Карни повторил слово в слово:
— Разве на этом свете можно быть в чем-то уверенным, а?
— Эта лестница ведет в бальную залу, — сказал Уимс.
Лестница была широкая. У основания сохранился постамент, на котором когда-то стояла скульптура. Прежние перила отсутствовали — лишь торчащая арматура указывала, где находились балясины. Теперь перилами служила прибитая к стене загнутыми гвоздями труба. Из голых ступеней торчали ковровые гвозди, на некоторых еще болтались остатки красного ворса.
— На реставрацию лестницы у меня ушла уйма средств, — сказал Уимс. — Перила я нашел в Италии. Скульптура четырнадцатого века изображает святую Екатерину Толедскую — ее я приобрел в поместье Уильяма Рэндольфа Хёрста. А ковер, по которому вы ступаете, джентльмены, был соткан по моим рисункам в иранском Кермане. Идешь как по пуховой перине, верно?

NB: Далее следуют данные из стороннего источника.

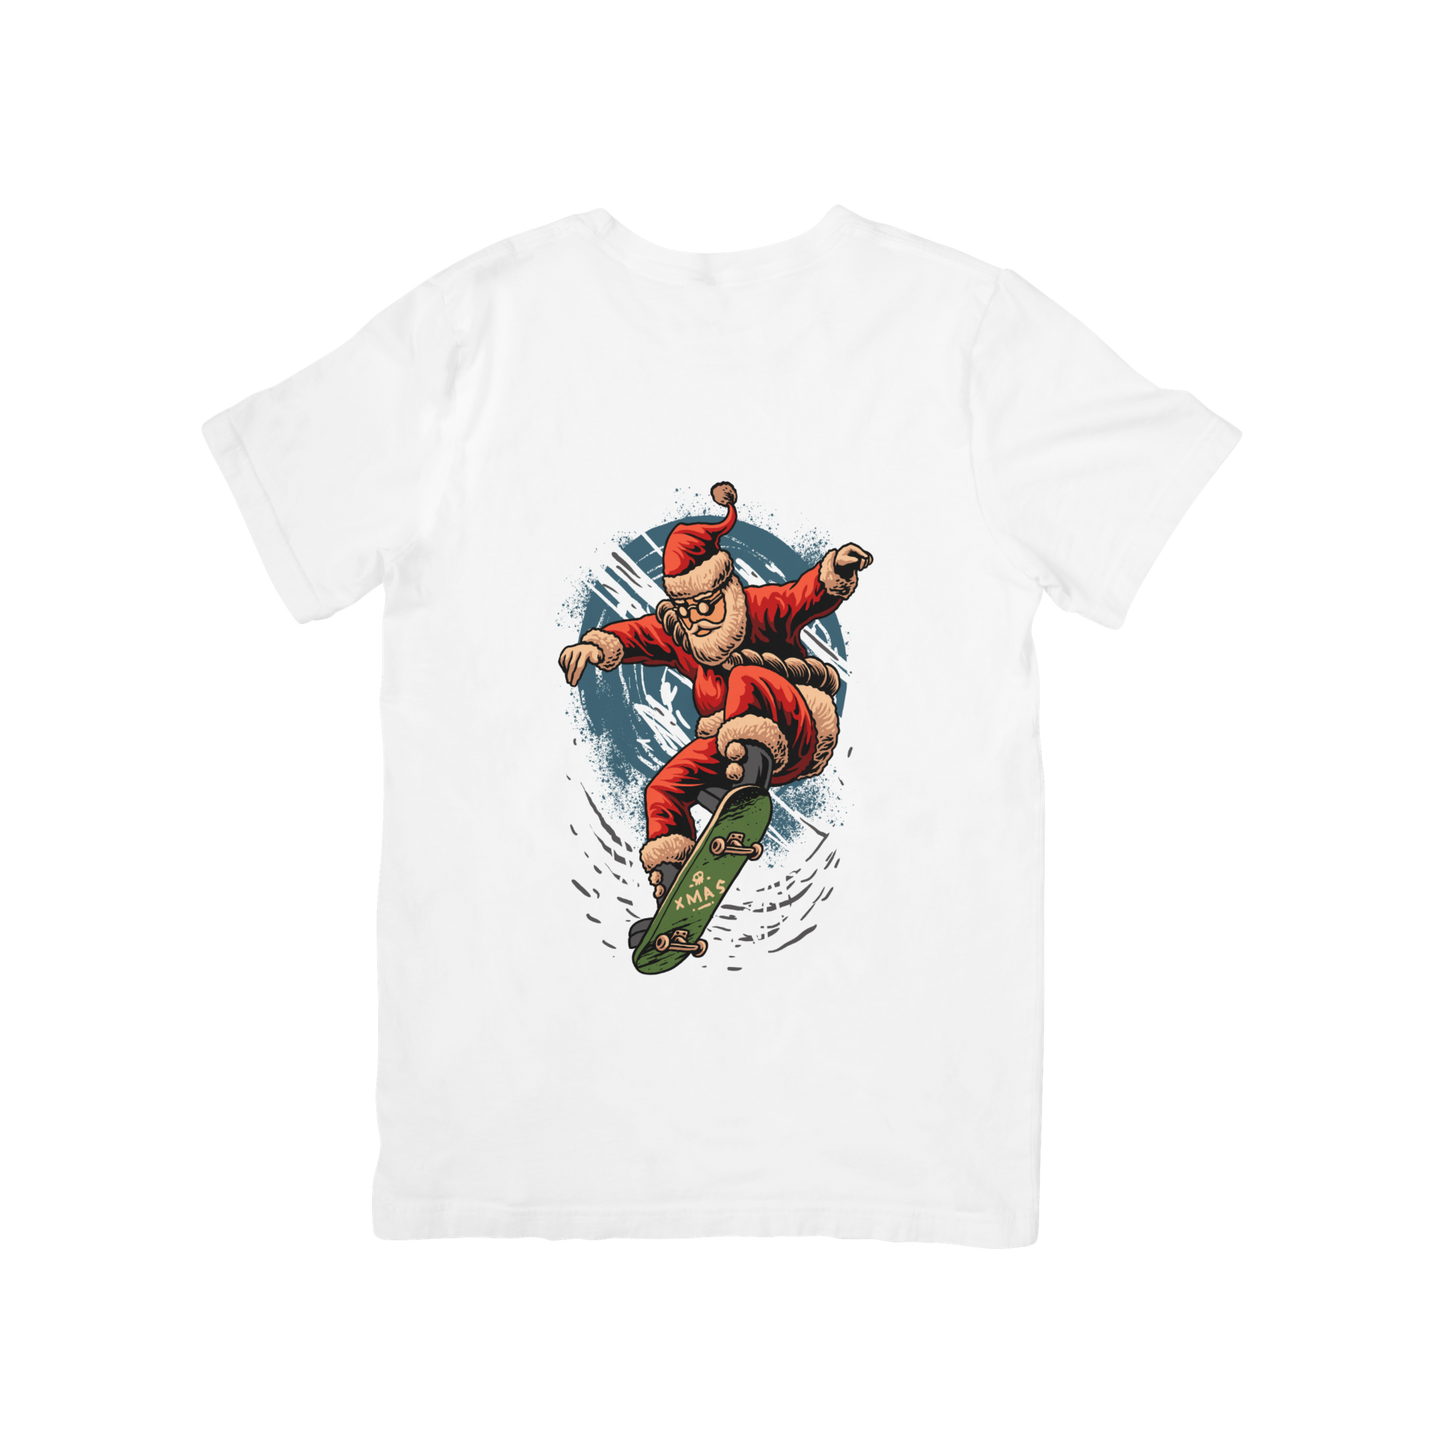 Santa Claus Design T-shirt

Карни и Фольц не отвечали, завороженные немыслимой роскошью, однако стали высоко задирать ноги, как будто и впрямь шагали по пуховой перине.
Уимс открыл дверь бальной залы — к слову сказать, вполне приличную. Впрочем, вид ее изрядно портила надпись белой краской. «Не входить!». На ручке висели двое плечиков для пальто, глухо звякнувшие, когда Уимс открывал и закрывал дверь.
Бальная зала на верхушке башни была круглая. По периметру ее зеркала в полный рост чередовались с окнами, застекленными освинцованным стеклом пурпурного, горчичного и зеленого цветов. Из обстановки тут были три кипы перевязанных, словно для продажи, газет, две секции от игрушечной железной дороги и латунное изголовье кровати.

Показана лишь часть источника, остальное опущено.